Gelelim somut olarak Cumhuriyet’in süzgecinden geçen Diplo’nun Türkçe ilk sayısına. 8 sayfalık ekte, toplam 8 makale seçilmiş, tercüme edilmiş ve yayınlanmış. Konular şöyle: ABD (2), Avustralya, Ukrayna, Brezilya, Irak, İklim ve Sahra.

Diplo’nun orijinal yani Fransızca versiyonunda, Şubat sayısında, aslında Türkiyeli okuru yakından ilgilendiren en az 3 yazı var: Öncelikle "Yeni Türkçe Edisyon", sonra "Rojava’nın Askıya Alınmış Geleceği" ve "Kürtlerin Kaderi- Parçalanmış bir Toprak."

Cumhuriyet’in Kürt alerjisi mi var? Bu 2 yazı neden Türkçe versiyonda yok?

Bir de Le Monde Diplomatique’in iki ayda bir yayınlanan "Manière De Voir" (Görme Biçimleri) başlıklı derleme dergisinin Şubat-Mart sayısının başlığı "Kürt Mücadelesi." Derlemede Türkiye, İran, Irak ve Suriye Kürtleri hakkında 34 makale, 2 İnfografik, 1 Çizgi roman, 18 fotoğraf, resim, illüstrasyon var. Bu sayıda Selahaddin Demirtaş’ın "Cumhurbaşkanı Erdoğan’ın Kirli Savaşı" başlıklı makalesi, "Türk aydınları ve ‘Kirli Savaş" başlıklı bir çerçeve yine önemli uzmanların Ankara’yı ve Türkiyelileri ilgilendiren tahlilleri yer alıyor. Cumhuriyet, bu özel sayıyı da görmezden gelmiş. Halbuki Diplo’nun son sayısında birinci sayfada büyükçe bir ilanı var bu özel sayının. Cumhuriyet gizleyince bu yayın yok mu sayılıyor şimdi?

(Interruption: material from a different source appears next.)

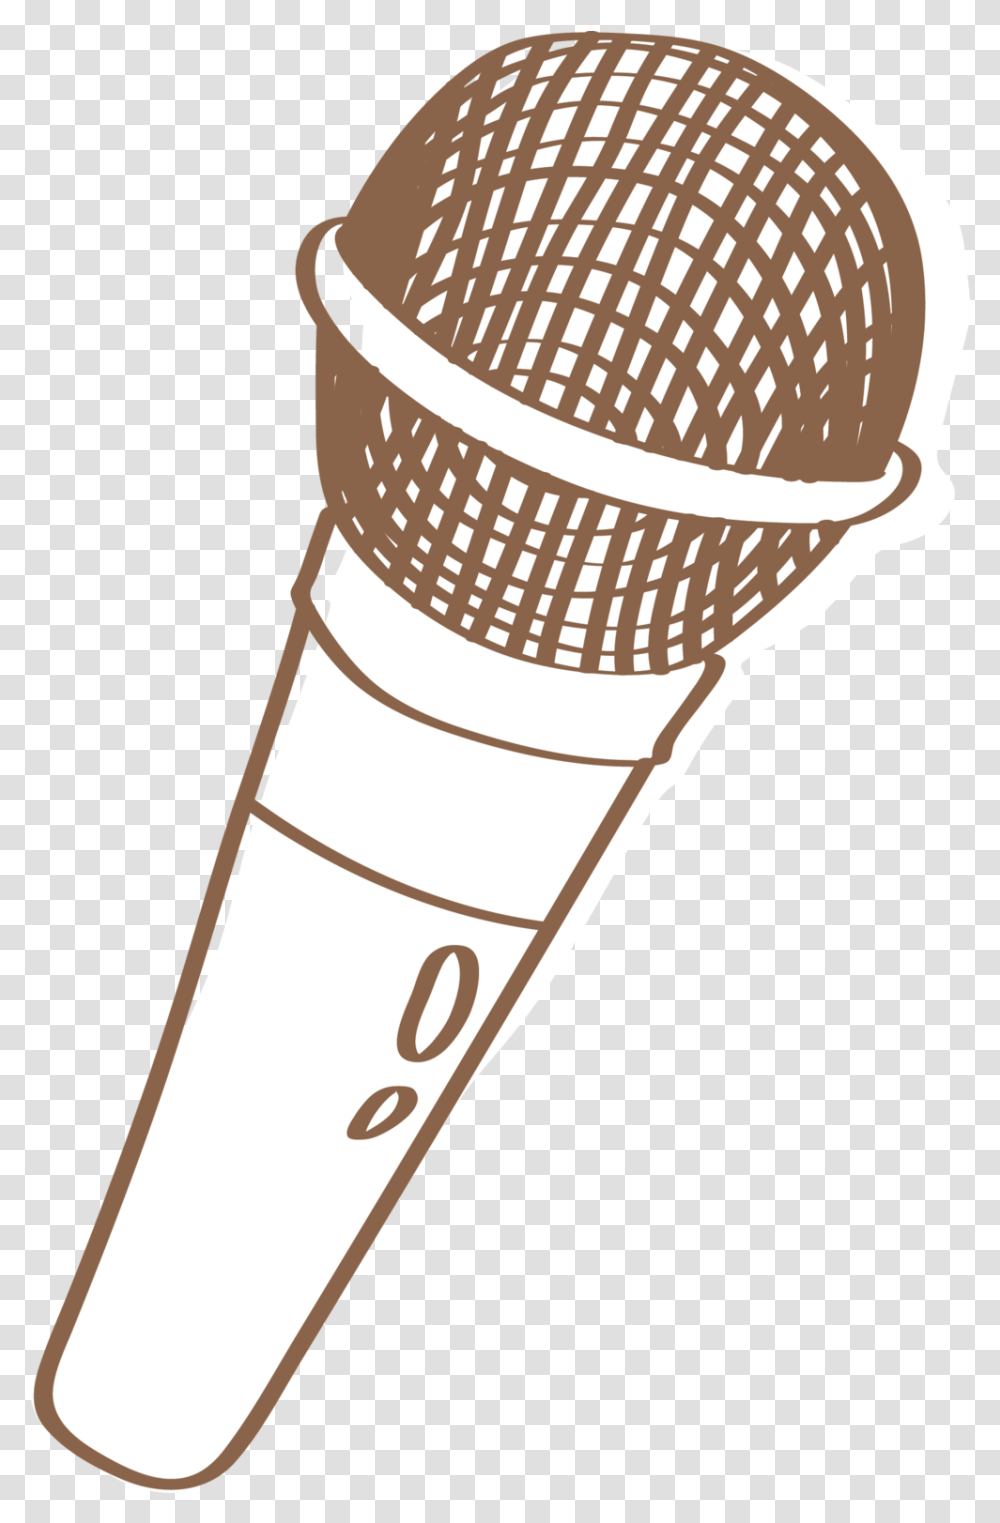 Contact Us - Music Buddies Clip Art, Lamp, Electrical Device, Microphone Transparent Png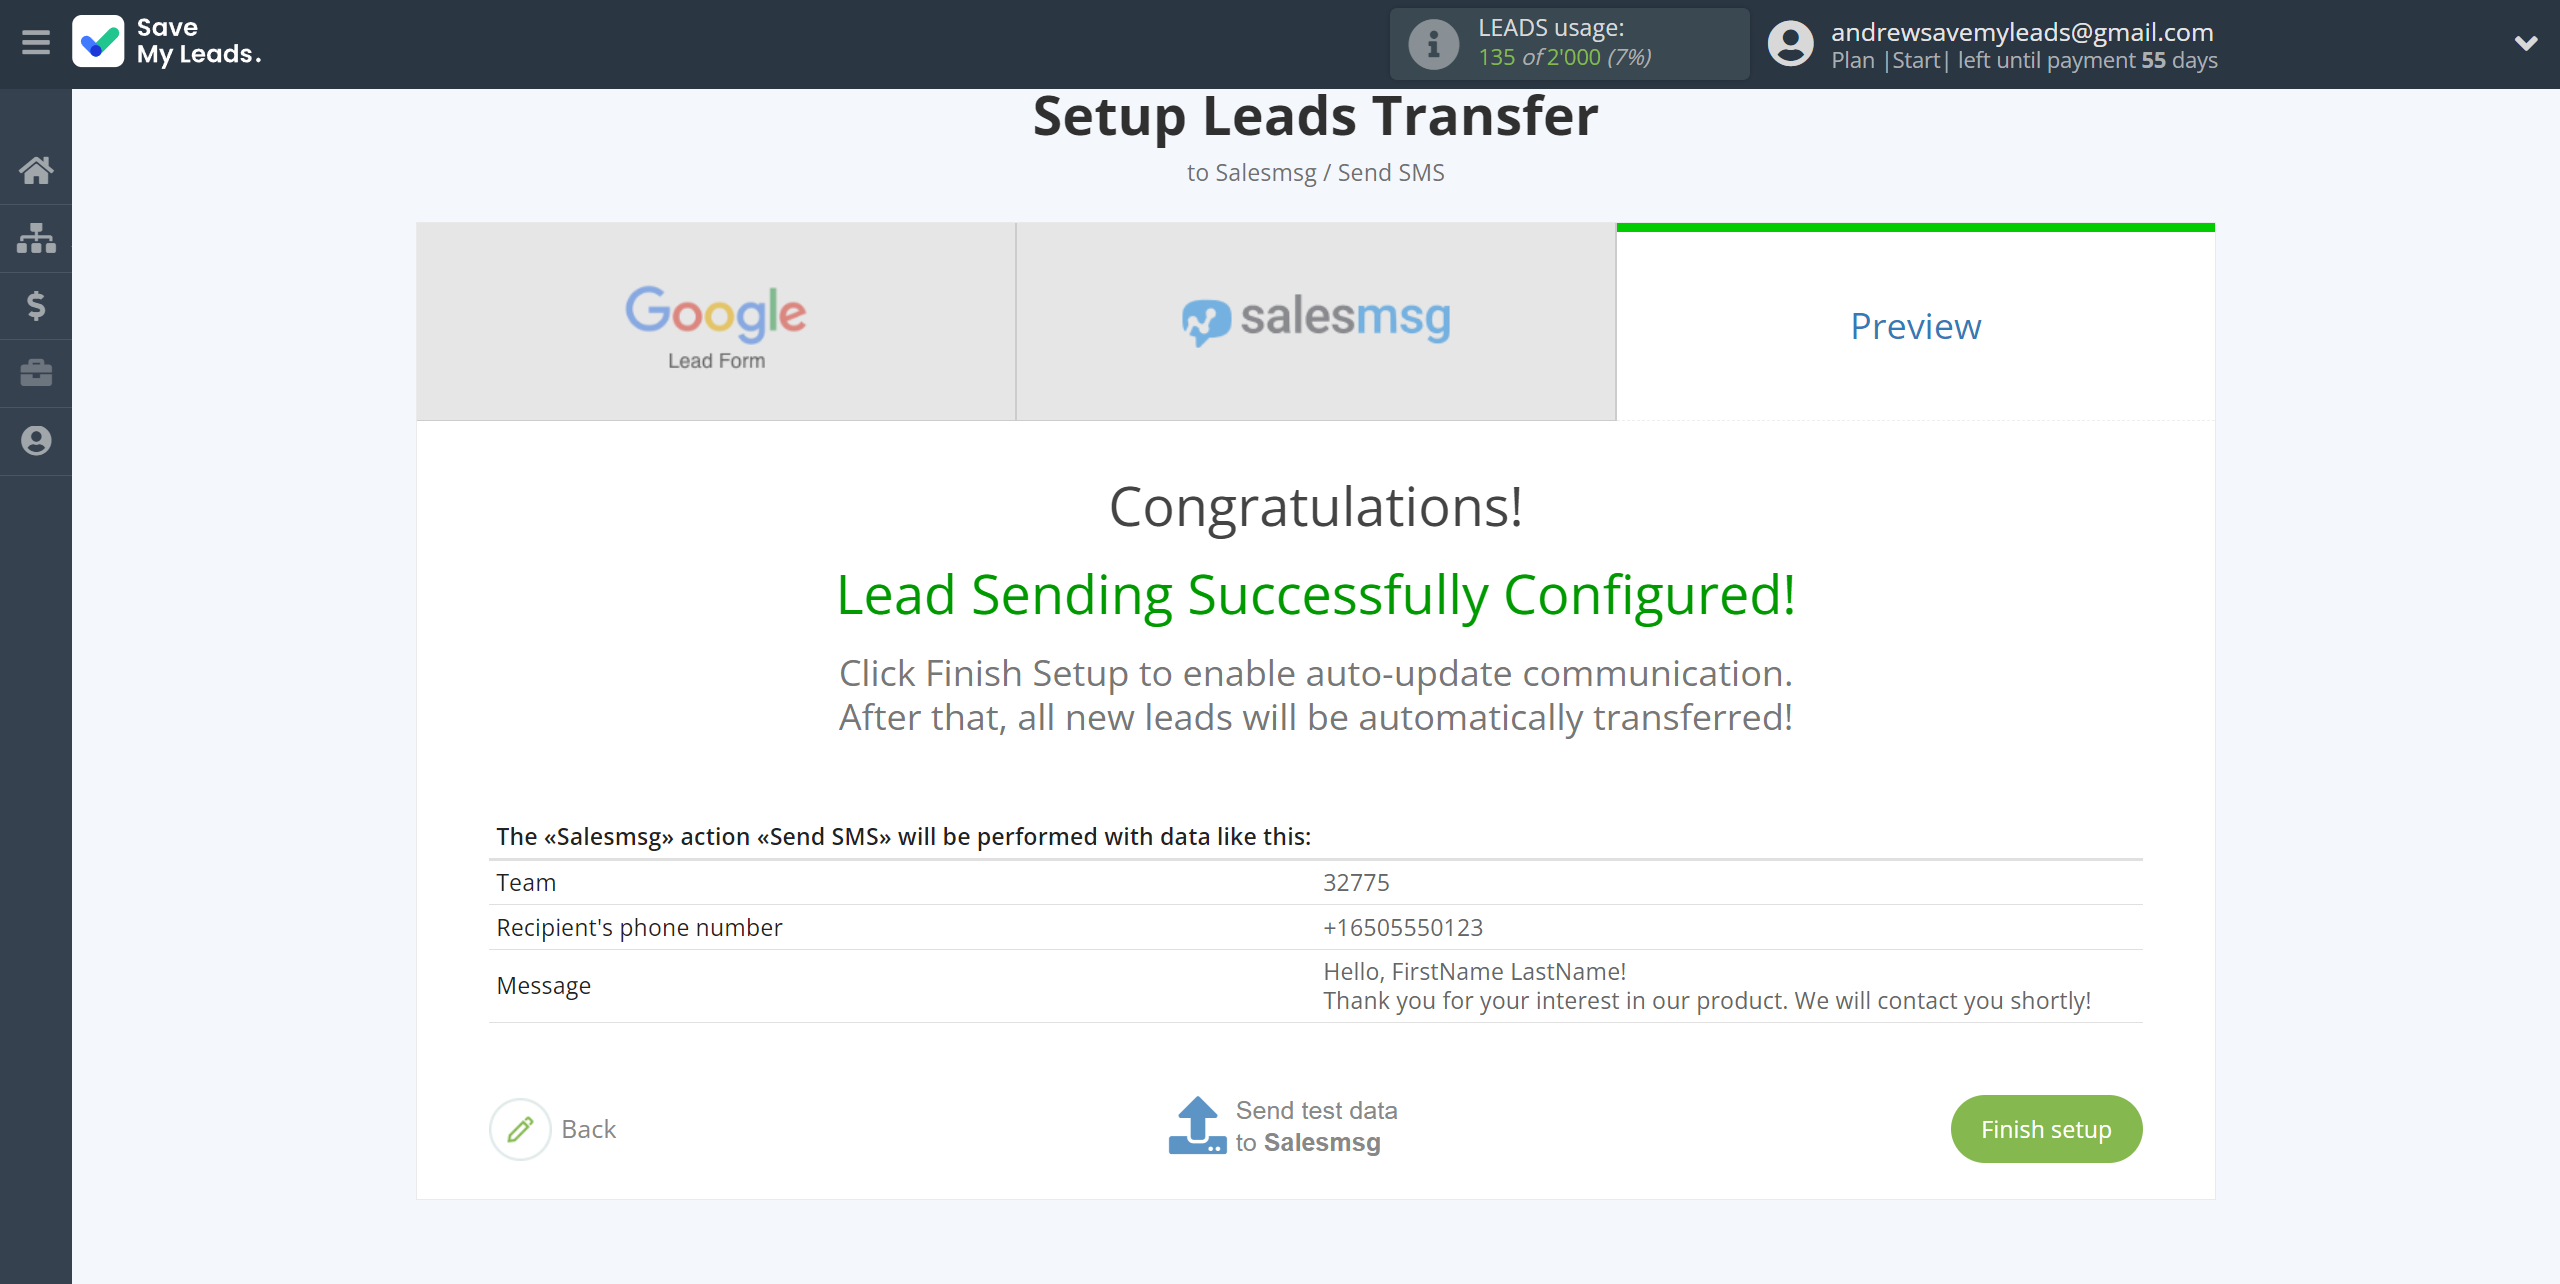 How to Connect Google Lead Form with Salesmsg | Test data

Mevcut ya da olası bir Cumhuriyet okuru acaba Brezilya ve Sahra’daki gelişmelerle mi daha çok ilgilenir yoksa güney komşusu Suriye’de olup bitenle mi? Kendi gazetenizle ilgili, işbirliği haberini neden yayınlayamıyorsunuz? Sorun kuşkusuz editoryal bir tercih değil. Bu duruma kısaca Kürt karşıtlığı diyoruz. Sansür diyen de çıkabilir. Çünkü bir gazete sadece yayınladıklarından değil yayınlamadıklarından da sorumludur. Cumhuriyet, işbirliği konusunda karşı tarafın görüşlerini ve Kürt meselesi hakkındaki yazıları çevirmeyip gizleyince, Le Monde Diplomatique’i Fransızca orijinalinden okuyan yurttaşlara karşı ne kadar uyanık olduğunu mu kanıtlayacak?

Sorun sadece bu sayı ile sınırlı kalmayacak. Cumhuriyet’in bugünkü yönetimi, Diplo’nun Ermeni, LGBTI hatta bir ihtimal Saray hakkında yayınladığı yazıları da Türkçeye çevirip yayımlayamayacak.

Fransa ve Diplo 1915’e "Ermeni Soykırımı" diyor. Fransa ve Diplo Suriye’deki PYD/YPG’yi terör örgütü olarak değil ortak olarak değerlendiriyor. Cumhuriyet ise kendi yayınlarında 1915’e "Sözde Soykırım" derken PYD/YPG’nin başına her seferinde "terörist örgüt" sıfatını ekliyor. Yarın, orijinal Diplo’dan bir Ermeni ya da Suriye makalesini Türkiye’ye çevirmek durumunda kalırsa Cumhuriyet ne yapacak? Özgün metne sadık bir şekilde çevirse, kendi yayın ilkelerini ihlal etmiş olacak. Kendi terminolojisini kullansa özgün metni tahrif etmiş olacak. Kan uyuşmazlığı var "iki saygın referans gazetesi arasında." Dolayısıyla Türkçe okurlara yanlış, sahte belki de daha doğru bir deyimle steril (*) bir Diplo sunuyor ve sunacak Cumhuriyet. Fransızca ya da Diplo’nun diğer dillerdeki versiyonlarını okuyamayan Türkiyeliler "Bu ne biçim dergi, Suriye’de Kürtler saldırıya uğruyor Diplo Türkçede bir tek makale yok! Ermeni konusuna hiç değinmiyorlar. Bunlar, Erdoğan konusunda neden susuyor?" diyecek. Diplo, Türkiye’de gerçek kimliğinden farklı tanıtılmış, sunulmuş olacak.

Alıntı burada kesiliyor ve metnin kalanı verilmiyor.